Statistical Learning 2018

This is the main website for the Statistical Learning course in autumn 2018, as part of the master Statistical Science for the Life and Behavioural Sciences at Leiden University. Visit this page regularly for changes and updates.

Instructor:	Tim van Erven (tim@ No spam, please timvanerven. No really, no spam nl, for general questions)
Teaching assistant:	Dirk van der Hoeven (d.van.der.hoeven@ No spam, please math.leidenuniv No really, no spam .nl, for questions about the homework)

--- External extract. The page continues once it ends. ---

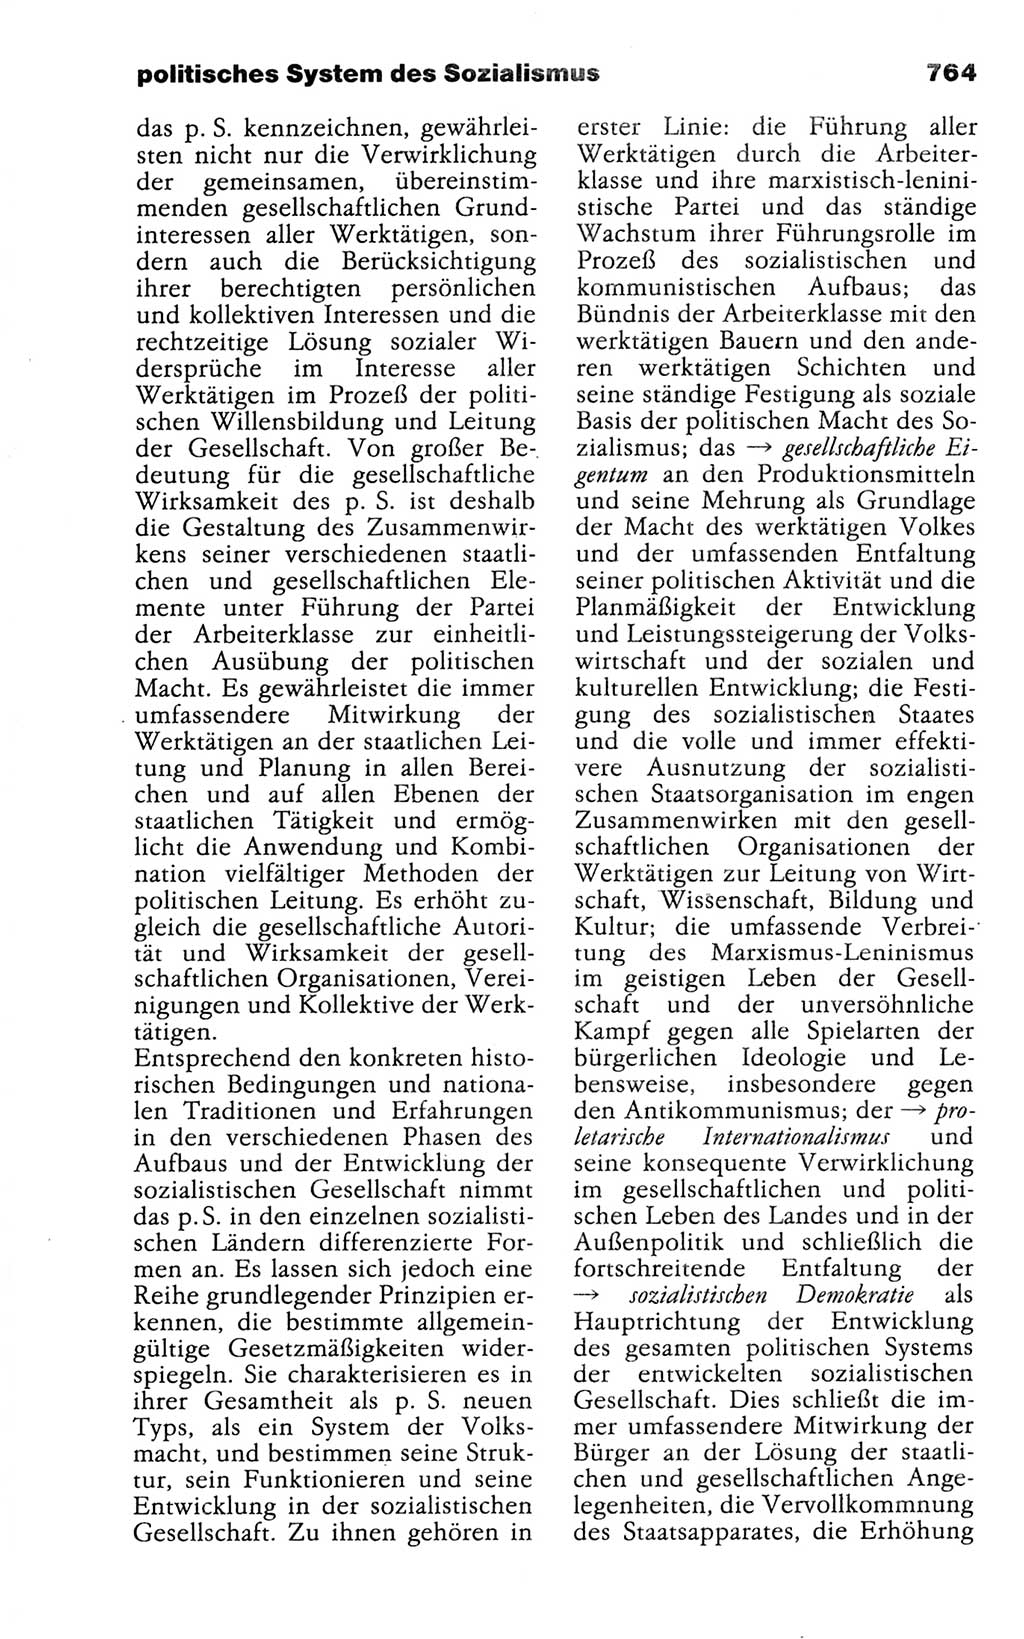 Kleines politisches Wörterbuch [Deutsche Demokratische Republik (DDR)] 1988, Seite 764 (Kl. pol. Wb. DDR 1988, S. 764)

IMPORTANT: Make sure to enroll in blackboard for grades and course updates, and sign up for the (resit) exam in uSis as soon as possible, but no later than ten calendar days before the actual (resit) exam takes place. (Otherwise I cannot register your grade and you do not get credit.)

General Information

This course gives an overview of techniques to automatically learn the structure, patterns and regularities in complicated data, and to use these patterns to predict future data. Statistical learning is very similar to an area within computer science called machine learning, since many methods have their origin in computer science (pattern recognition, artificial intelligence). The course load is 6 ECTS. The e-prospectus contains a longer course description.

The entry requirements for this year are:

Familiarity with least squares linear regression
Ability to program in R or in Python

Lectures and Exercise Sessions

Lectures take place on Thursdays on the dates indicated in the Course Schedule below, in room 407/409 of the Snellius Building, Niels Bohrweg 1, Leiden.

The first four weeks, course hours are 10h00-16h15. The last four weeks they are 11h00-15h15.

Examination Form

In order to pass the course, it is required to obtain a sufficient grade (5.5 or higher) on both of the following two:

Homework Projects. We will hand out two homework assignments. The final homework grade will be determined as an average of the grades for the two assignments, without any rounding.
A written open-book examination: Wednesday 9 January 14.00-17.00, rooms 408, 407/9 and 412; resit: Friday 1 February 14.00-17.00, rooms 403, 405. NB You are allowed to bring any information on paper to the exam, and it is recommended to bring the ESL book (see below). However, digital copies of the book will not be allowed.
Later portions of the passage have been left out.